-- Data for processing --

● ● ●

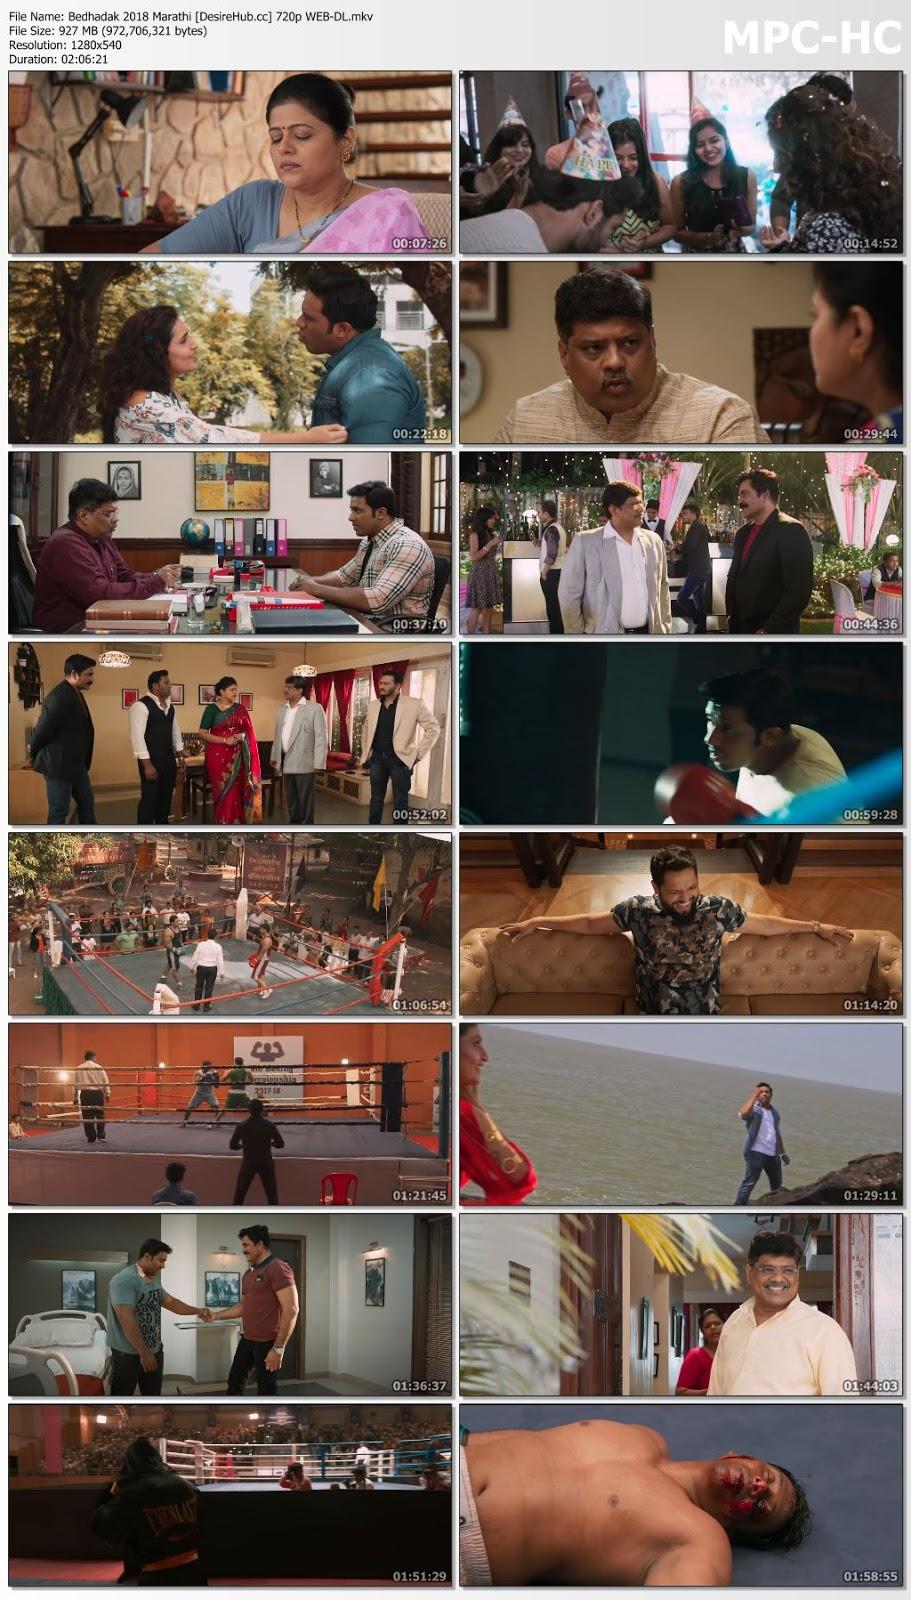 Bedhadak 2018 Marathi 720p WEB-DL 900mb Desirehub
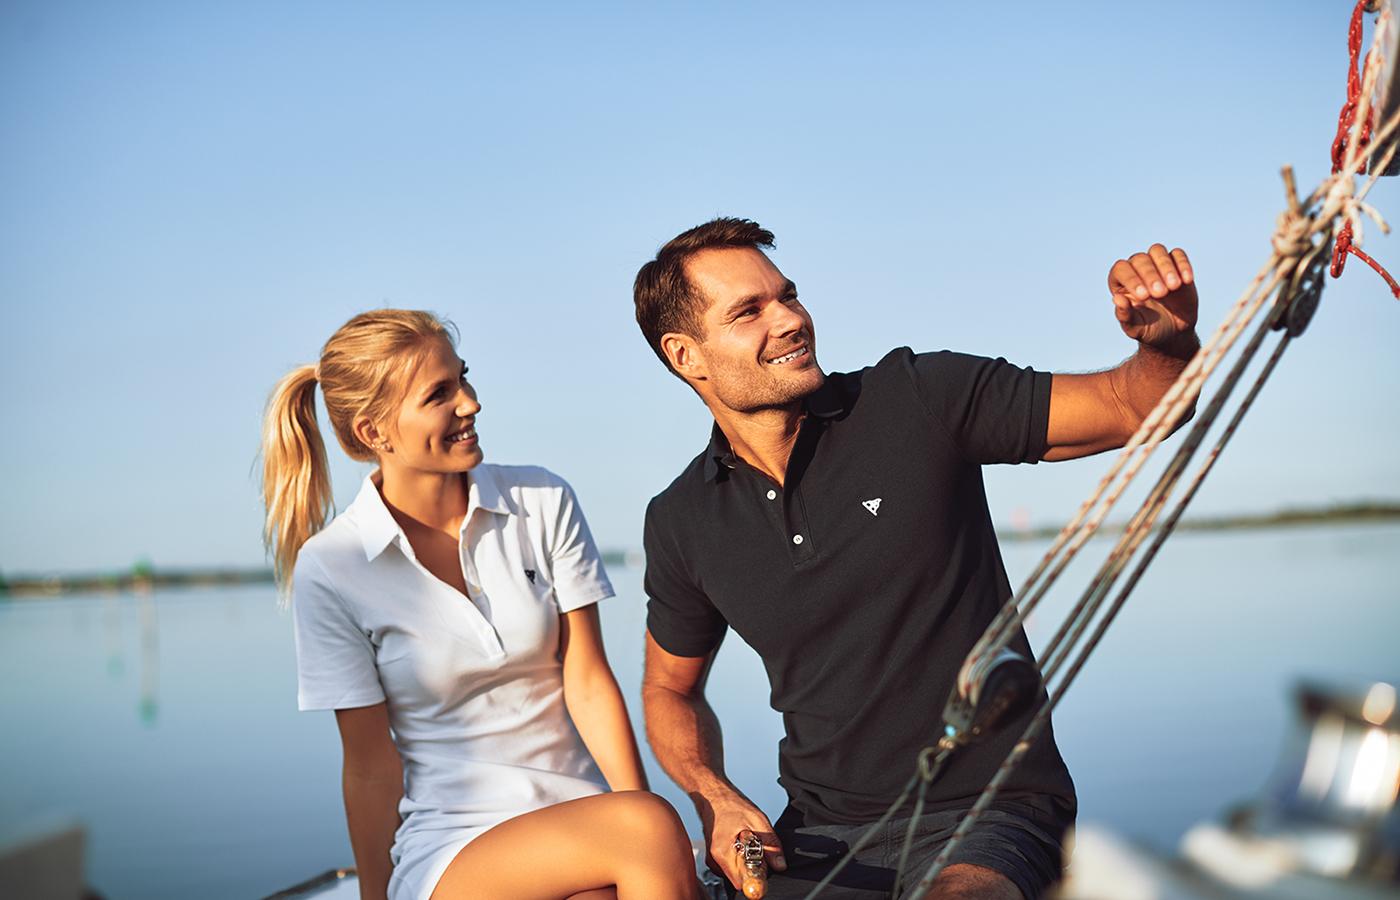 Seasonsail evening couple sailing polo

● ● ●

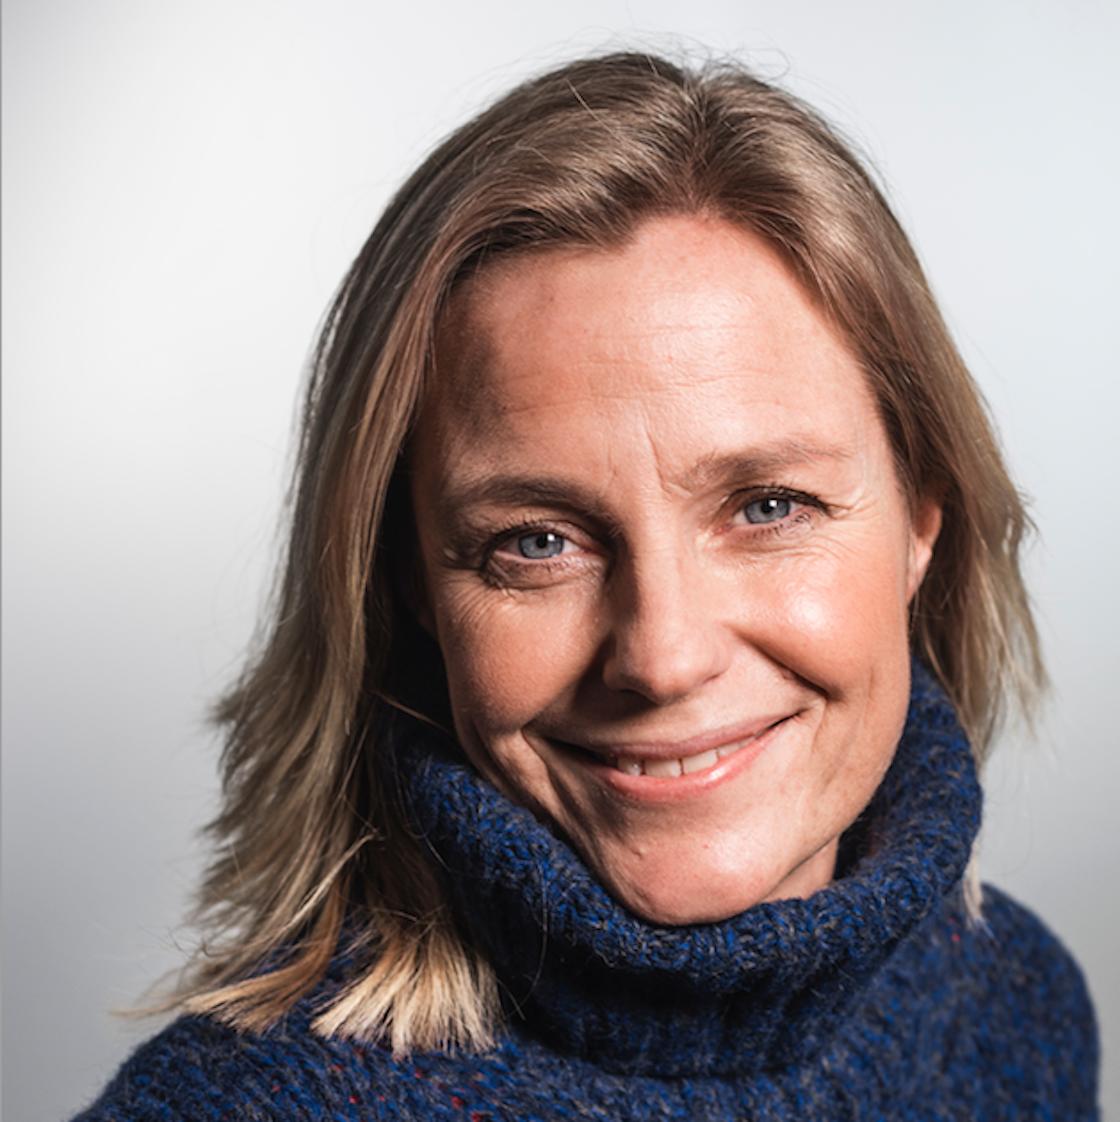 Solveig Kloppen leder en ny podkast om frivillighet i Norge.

● ● ●

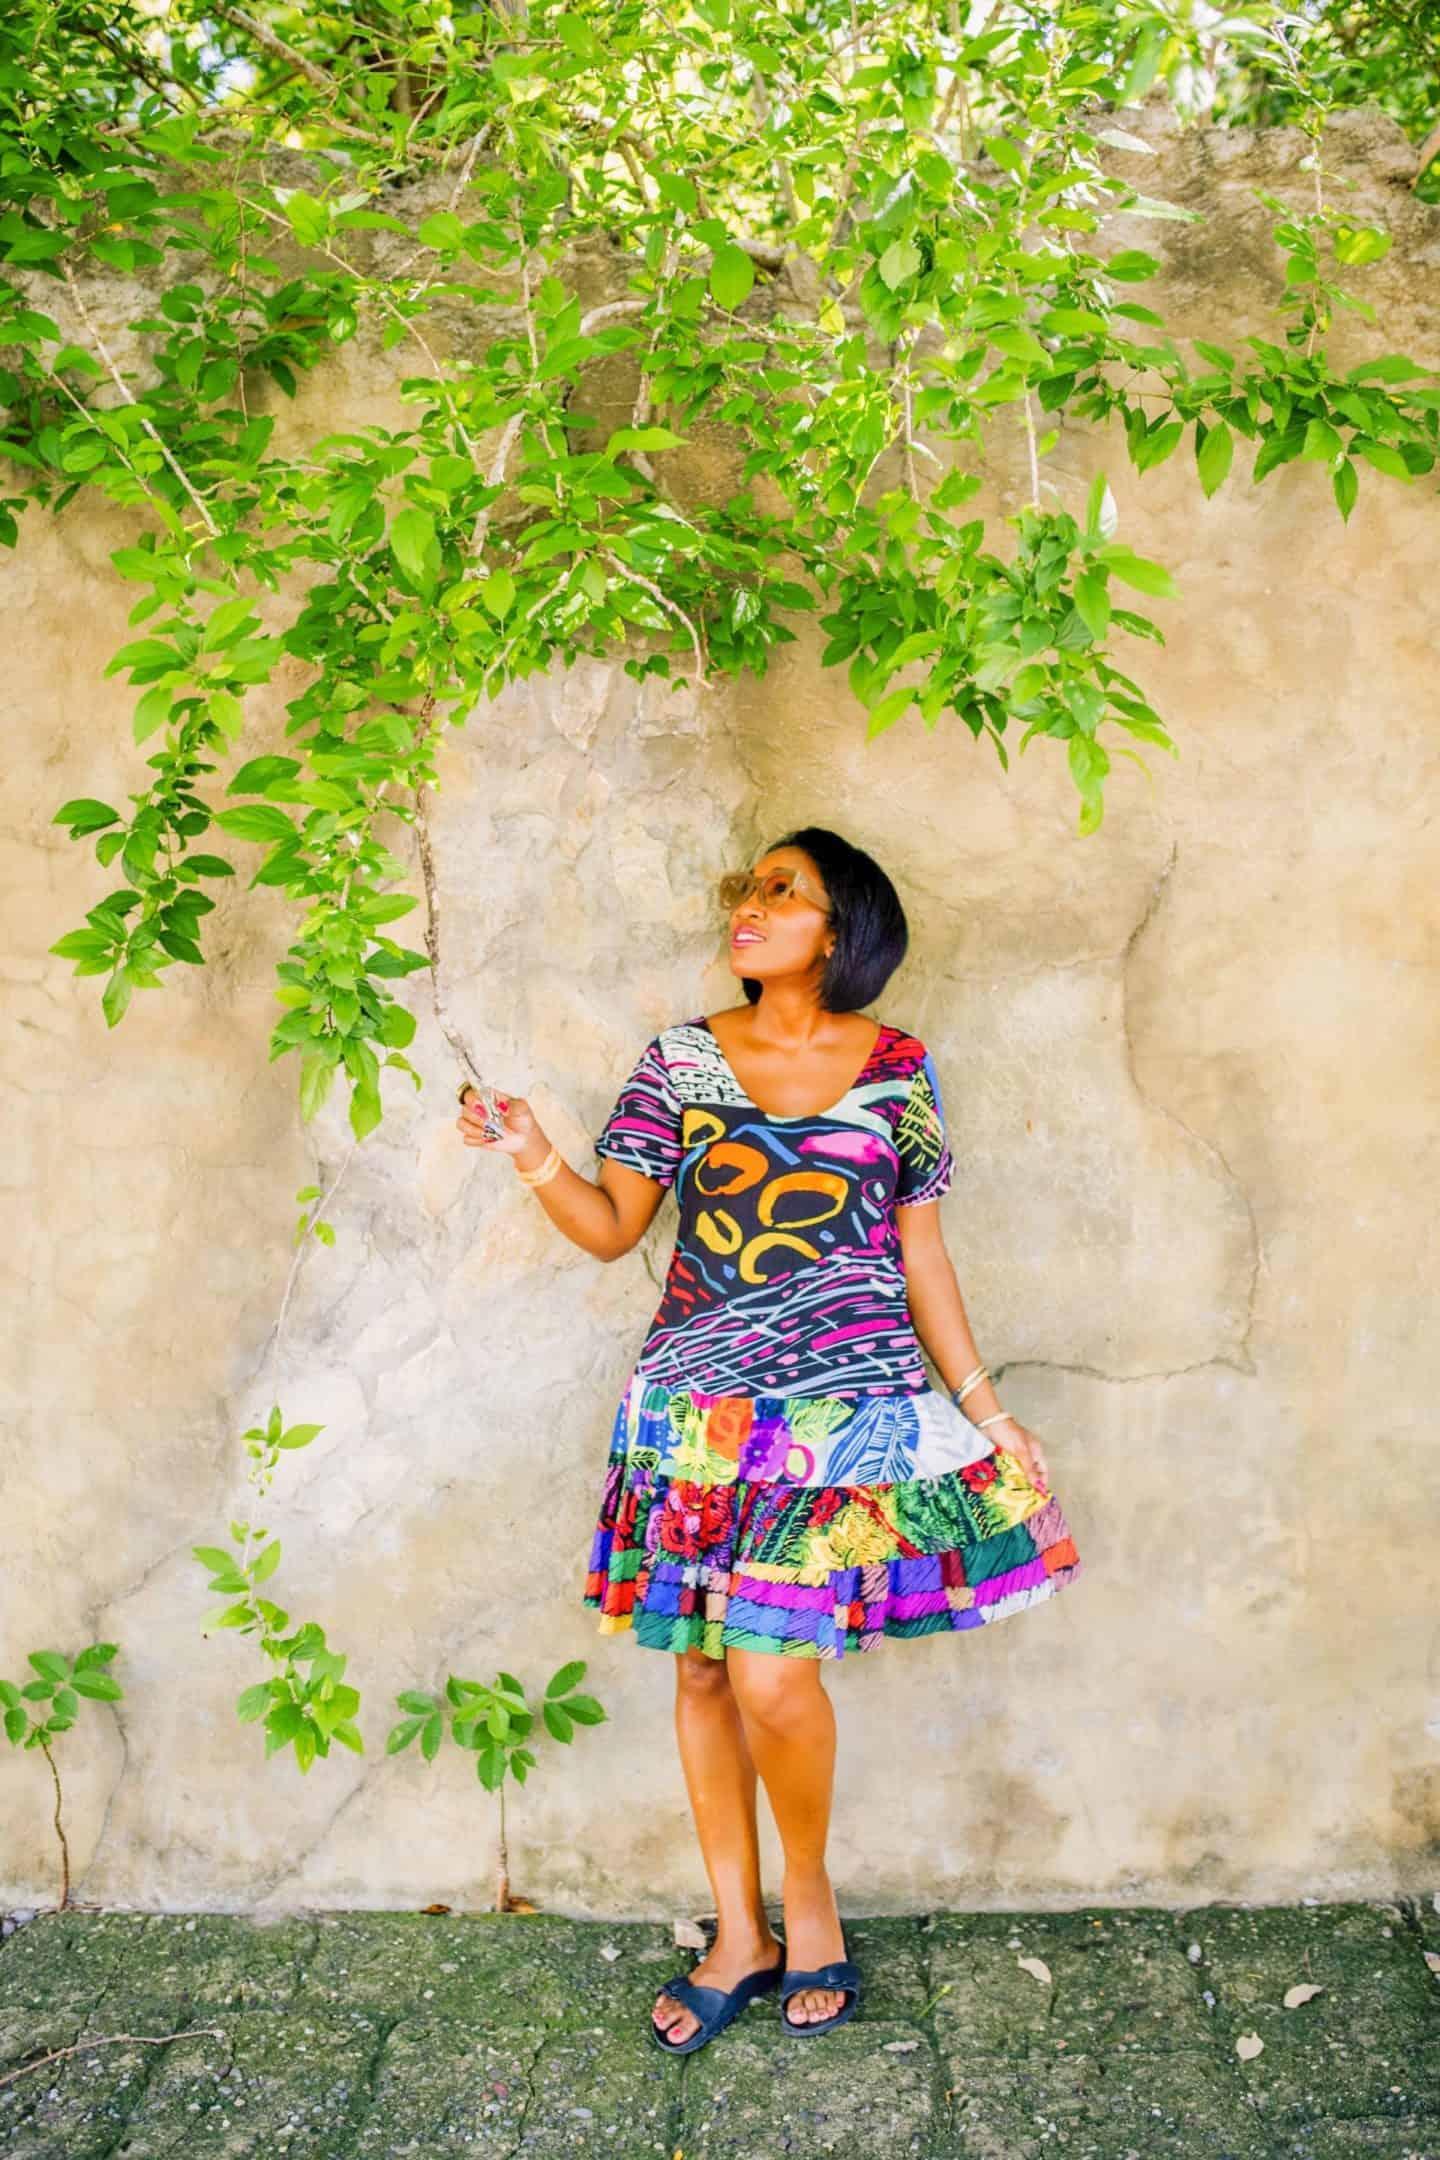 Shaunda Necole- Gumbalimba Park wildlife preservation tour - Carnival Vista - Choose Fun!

● ● ●

-- What to work on --
Everything above from the line that has "Bedhadak 2018 Marathi" down to the line that has "Seasonsail evening couple sailing polo" should be output exactly, with both of those lines included. Leave the pictures behind.

-- Answer --
 Bedhadak 2018 Marathi 720p WEB-DL 900mb Desirehub
 Seasonsail evening couple sailing polo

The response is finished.